Le géant pétrolier BP entrevoyait enfin vendredi la fin de la fuite de pétrole dans le golfe du Mexique, mais c'est une entreprise différente, amoindrie, appauvrie et souillée qui émerge de la catastrophe.
Le groupe s'est dit vendredi "encouragé" par les résultats d'un test crucial mené sur le puits de pétrole dans le golfe du Mexique, qui permettra de déterminer si la fuite de brut peut rester contenue.
"Le marché y voit un peu plus clair, c'est une bonne nouvelle", affirme David Loudon, analyste chez le courtier Redmayne Bentley.

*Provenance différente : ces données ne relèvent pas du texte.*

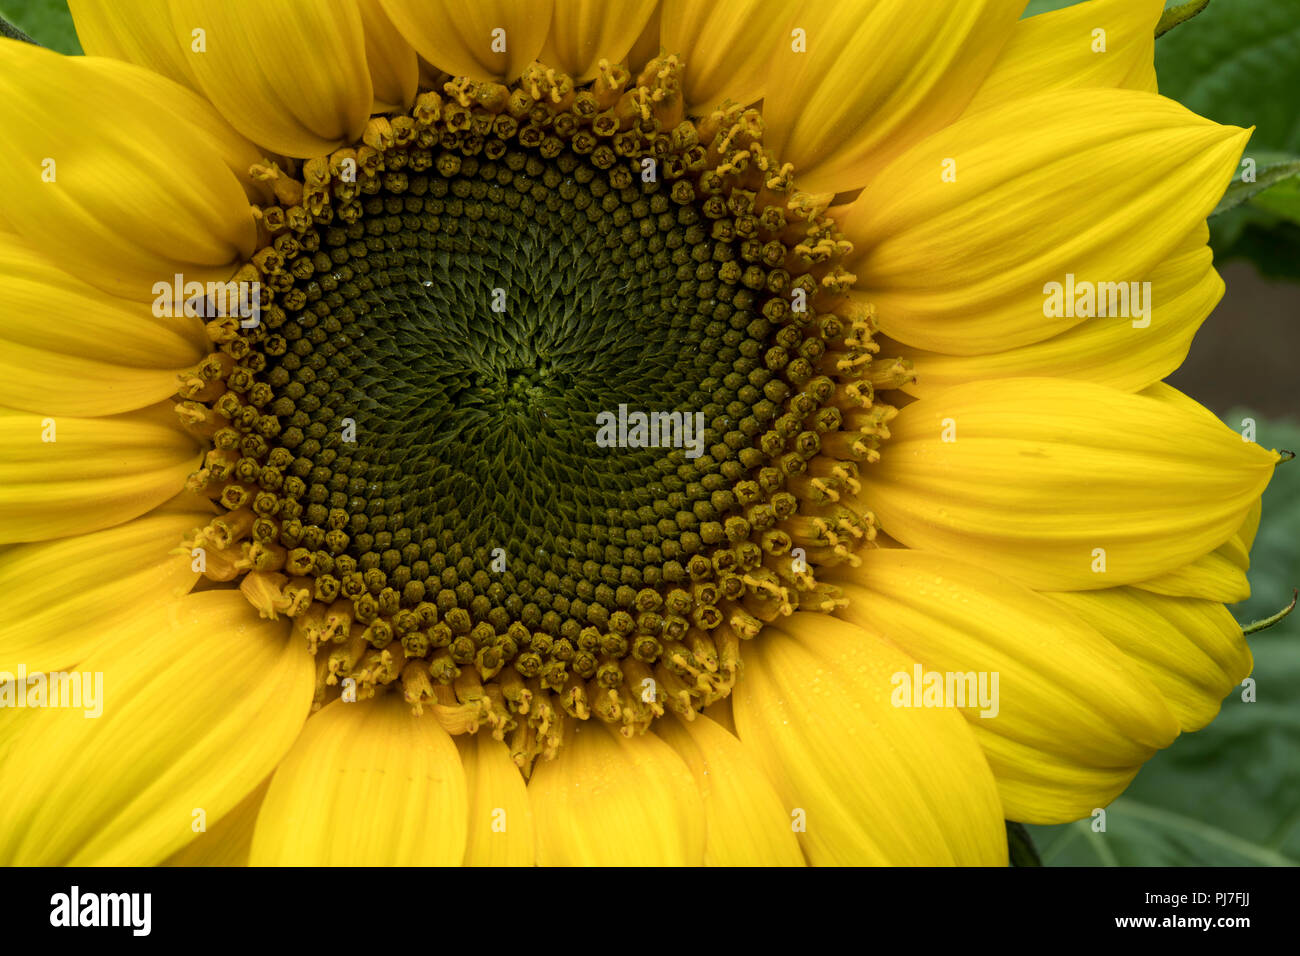 Sunflower; Detail of Centre; UK Stock Photo

"Maintenant que BP a montré qu'il avait couvert le puits, il devrait mieux résister aux pressions politiques", juge par ailleurs Peter Hutton, analyste chez NCB Oils.
Signe que le marché anticipe la fin de la crise, le cours de l'action BP est sorti du gouffre: il a repris 40% par rapport à son plus bas du 25 juin, tout en valant encore moins des deux tiers de son prix d'avant l'explosion de la plate-forme Deepwater Horizon le 20 avril, qui a coûté la vie à 11 personnes et pollué 700 kilomètres de côtes américaines.

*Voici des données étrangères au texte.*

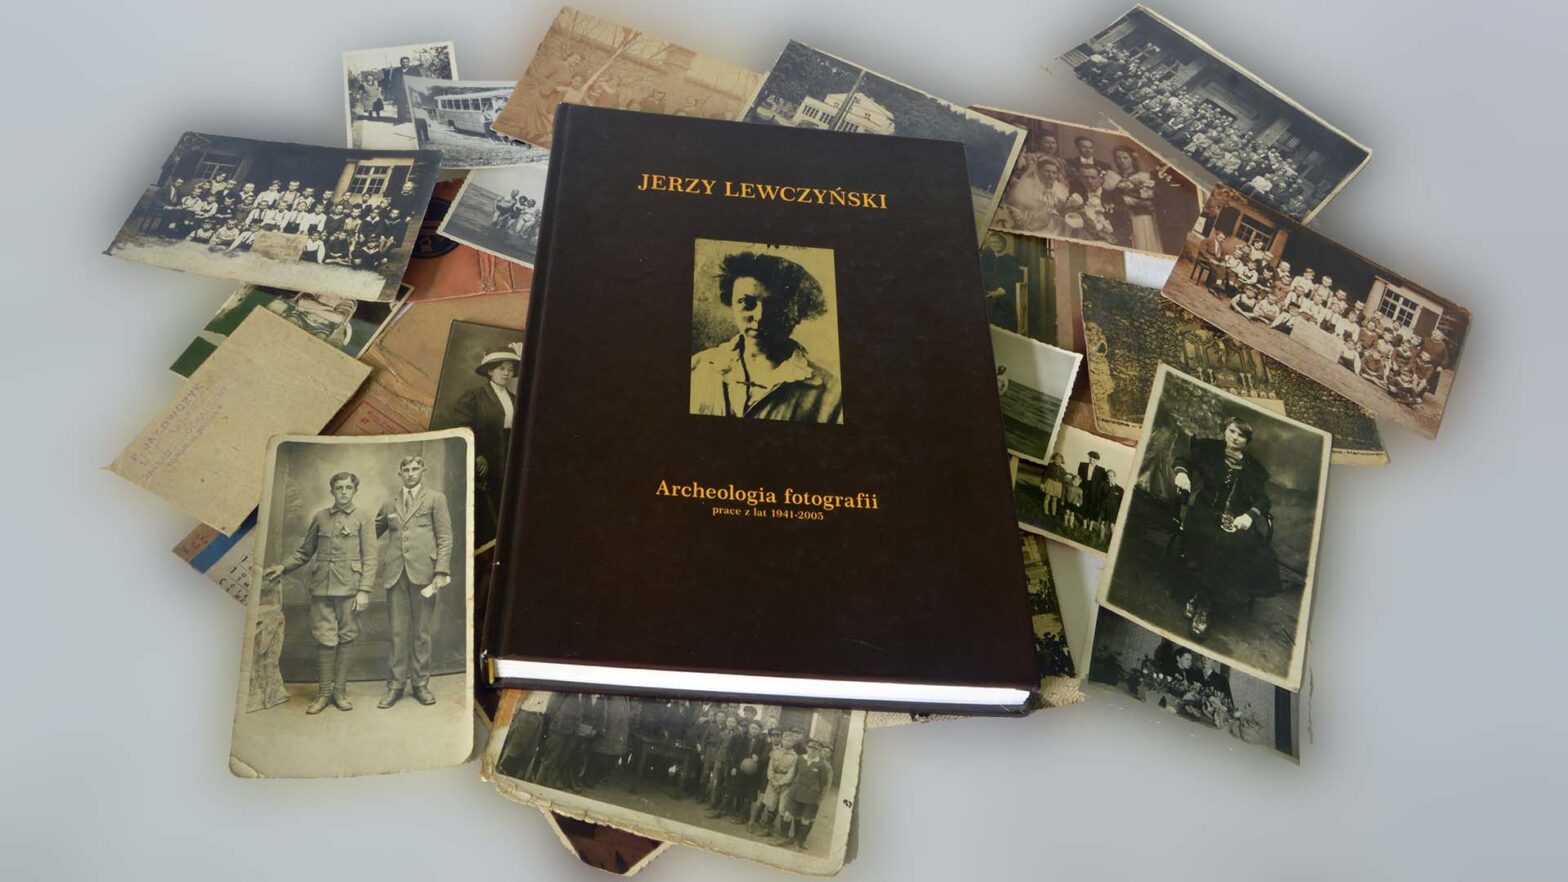 Stare zdjęcia rozrzucone na stole, na których leży książka Archeologia fotografii Jerzego Lewczyńskiego.

Pour les analystes, rien ne sera plus jamais comme avant : "le BP qui émergera de (la marée noire) sera différent de ce qu'il était avant" affirme M. Hutton.
D'abord, BP est très loin d'avoir payé la facture de la marée noire, qui pourrait lui coûter entre 30 et 40 milliards de dollars selon un consensus d'analystes et jusqu'à 70 milliards selon la banque américaine Goldman Sachs.
Les choses devraient se préciser quand les résultats de l'enquête des autorités américaines feront la lumière sur les causes de l'accident et les responsabilités respectives de BP et ses partenaires.
Pour financer les coûts liés à la catastrophe, BP devra se séparer d'actifs, à hauteur de 20 milliards de dollars selon le Financial Times vendredi, suscitant la convoitise d'acteurs étrangers et même la rumeur selon laquelle il pourrait se faire absorber.
"Le scénario d'une vente importante est bien plus réaliste que celui d'une énorme fusion", juge pourtant M. Hutton.
Dans tous les cas, la pire catastrophique écologique de l'histoire américaine a porté un coup impossible à chiffrer mais très sévère à l'image du groupe de 80.000 salariés.
"La réputation du groupe a subi des dommages irrémédiables", assène David Loudon, rappelant que BP était devenu "l'ennemi public numéro Un aux Etats-Unis".
Souillée dans l'opinion publique, l'image du BP l'a été aussi auprès des professionnels de son secteur, ce qui pourrait compliquer ses futures opérations.
Les compagnies pétrolières et sous-traitants qui se bousculaient avant la catastrophe pour voir leur nom associé à celui du géant britannique pourraient maintenant rechigner à s'engager à ses côtés, estime M. Hutton.
Quant aux options stratégiques qui devaient assurer son avenir, BP devra les revoir de fond en comble.
"Les gisements en eaux profondes du golfe du Mexique devaient être une opportunité essentielle de développement pour BP. (Ses dirigeants) étaient convaincus qu'ils pouvaient repousser les frontières de la technologie. Rien de tout cela ne s'est produit", constate M. Hutton, jugeant qu'il faudra "beaucoup de temps à BP pour retrouver sa position" dans les forages off shore.
"BP était l'une des toutes premières compagnies pétrolières au monde et ce ne sera plus le cas à l'avenir", affirme carrément M. Loudon.
Enfin, il est probable que BP devra changer de tête après cette tragédie. "Ni le directeur général (Tony Hayward) ni le président (Carl-Henric Svanberg) ne se sont couverts de gloire" dans cette crise, juge M. Loudon pour qui leur départ "est une affaire de semaines".